New Hampshire
How Corporate Takeover Defense applies in New Hampshire: state-specific rules, key cases, and bar exam notes for Corporate Law.
New Hampshire law recognizes the importance of protecting corporate governance and shareholders during a takeover. The state allows for the implementation of defensive measures such as poison pills and staggered board structures, provided they align with the fiduciary duties of the board of directors.
In New Hampshire, boards can adopt measures to defend against hostile takeovers as long as these measures are reasonable and serve a legitimate corporate purpose under RSA 293-A:8.30.
The court upheld the use of a poison pill defense, finding that it was a reasonable response to the hostile takeover attempt.
The court ruled that a staggered board structure was valid under New Hampshire law and served to protect the company's long-term interests.

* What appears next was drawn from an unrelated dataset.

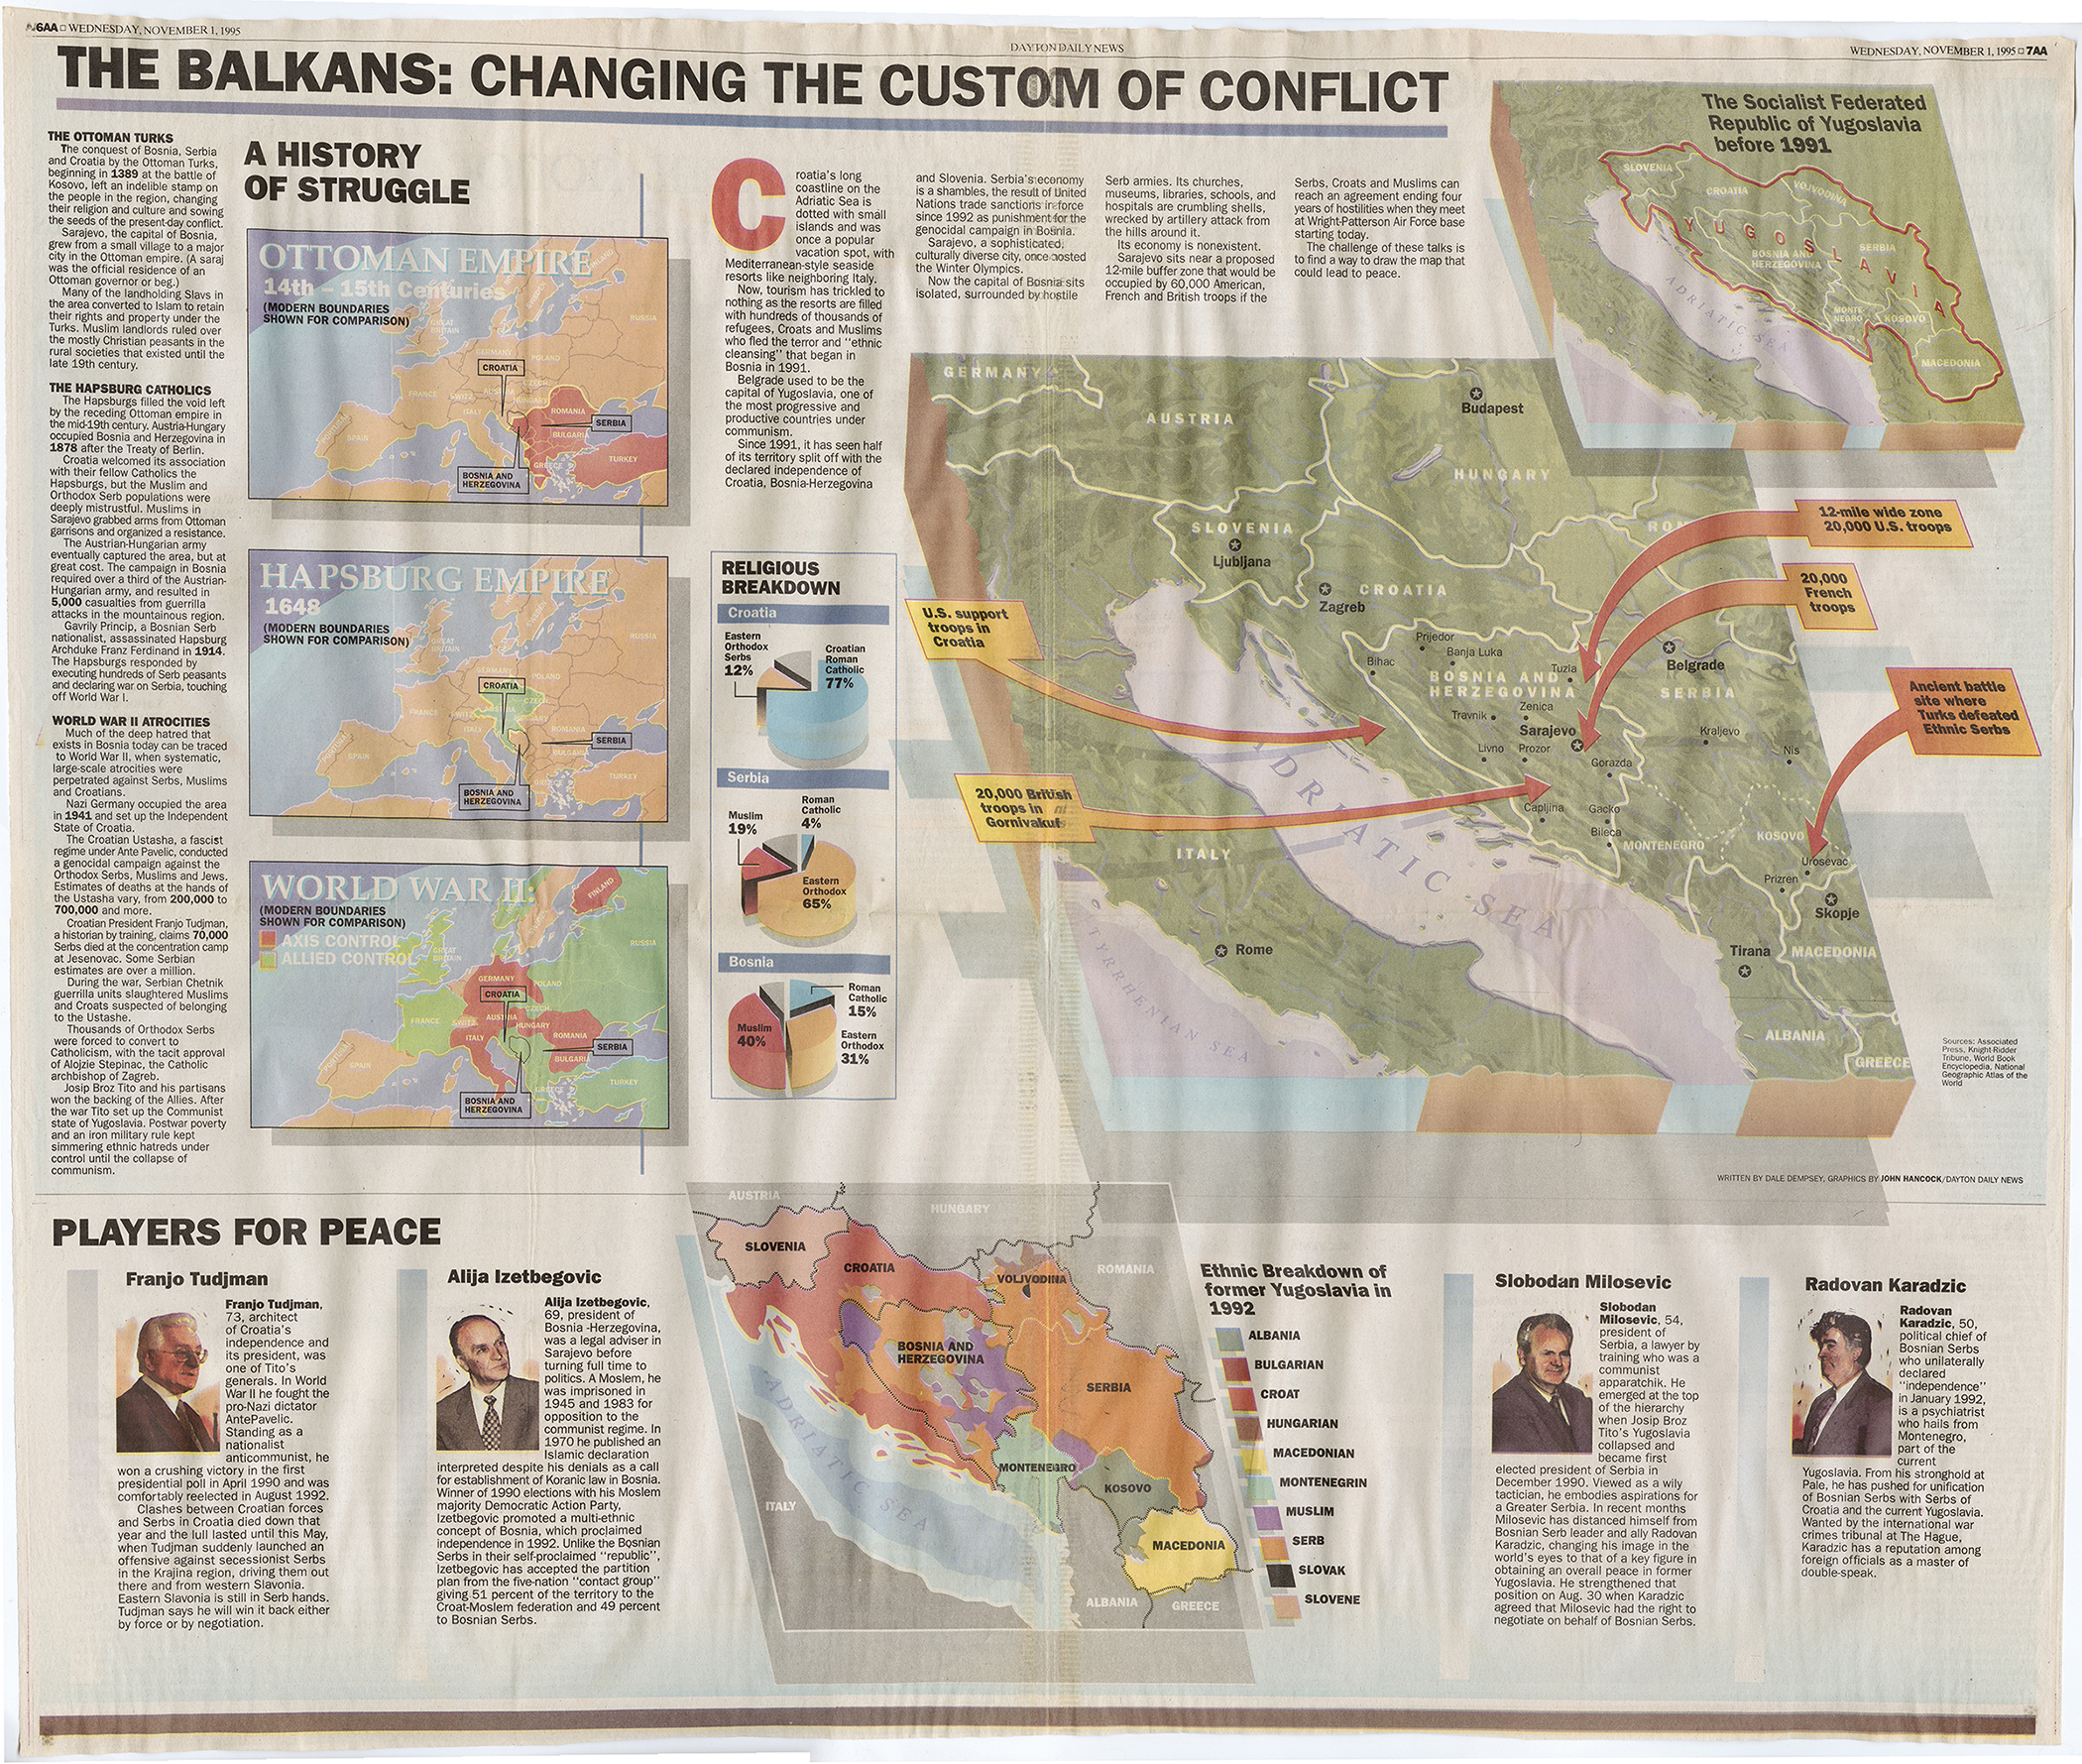 "The Balkans: Changing the Custom of Conflict," Dayton Daily News, November 1, 1995, page 6AA, from MS-411

The ruling indicated that board actions taken in response to a takeover bid must reflect the interests of shareholders and adhere to their fiduciary duties.
New Hampshire's approach mirrors the Delaware model, emphasizing board discretion in takeover defenses. However, it lacks some of the specific statutory frameworks that federal law provides, such as the Williams Act, which establishes disclosure requirements during tender offers.
Understanding takeover defenses is essential for the New Hampshire bar exam, especially in the context of corporate governance and the fiduciary duties of directors.